The numbers were much the same in Fort Worth. According to the report, 1,823 homes were sold in the fourth quarter, a 2.5 percent increase from 1,778 homes sold in the same quarter a year ago. The median price in Fort Worth dropped 3.6 percent to $109,700, from $113,800 in the fourth quarter of 2010.

Sales were down 18 percent in the quarter from the third quarter of 2011.

Sales climbed 12 percent in Northeast Tarrant County to 1,466 homes sold, up from 1,309 homes in the fourth quarter of 2010. The median price in the fourth quarter was $169,900, up 1.9 percent from the fourth quarter of 2010.

Sales were down 22.5 percent in the quarter from the third quarter of 2011.
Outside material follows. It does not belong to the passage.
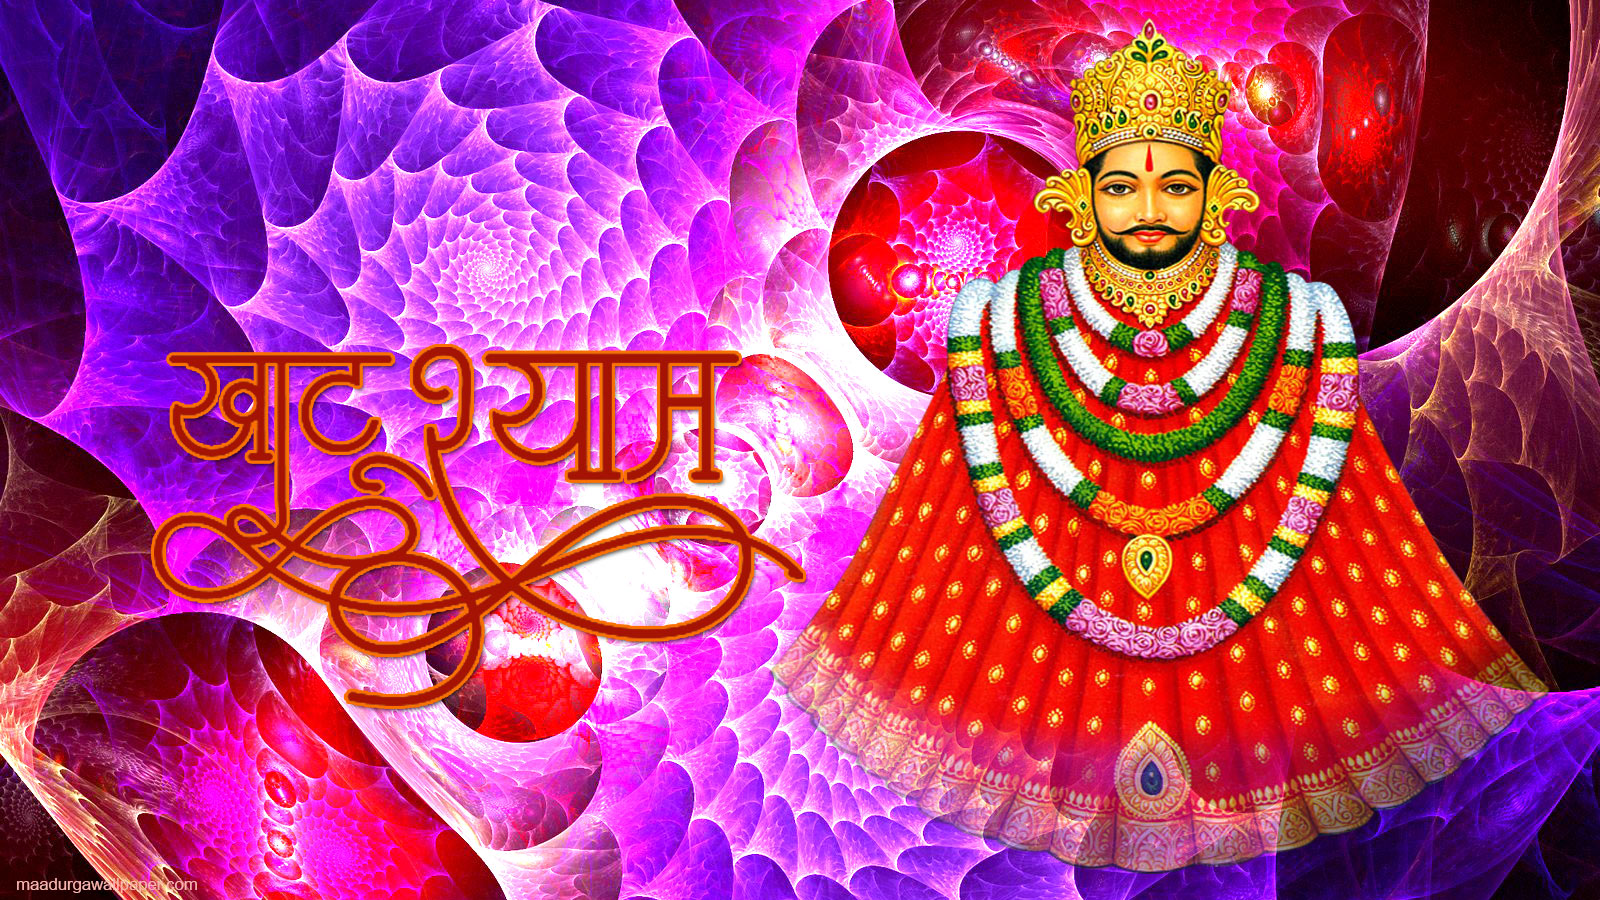 Shyam Baba Wallpaper Shri Khatu Shyam Ji Mandir 3095808 Hd Wallpaper Backgrounds Download

Statewide, for the period of October through December, 46,764 homes were sold, 6 percent more than the same quarter in 2010. The median price for Texas homes during the quarter was $148,100, which was unchanged.

"It’s encouraging to see continued stability in the Texas real estate market heading into 2012," said Joe Stewart, chairman of the Texas Association of Realtors. "With increasing sales, stable prices and low mortgage interest rates, this report is more evidence that, in Texas, things are different and better."

Jim Gaines, an economist with the Real Estate Center at Texas A&M University, said sales and median price were flat when compared to 2010.

"Texans should know that ‘flat’ is the new ‘up’ because our state still outpaces national averages by 8 to 10 percent in both sales volume and median price."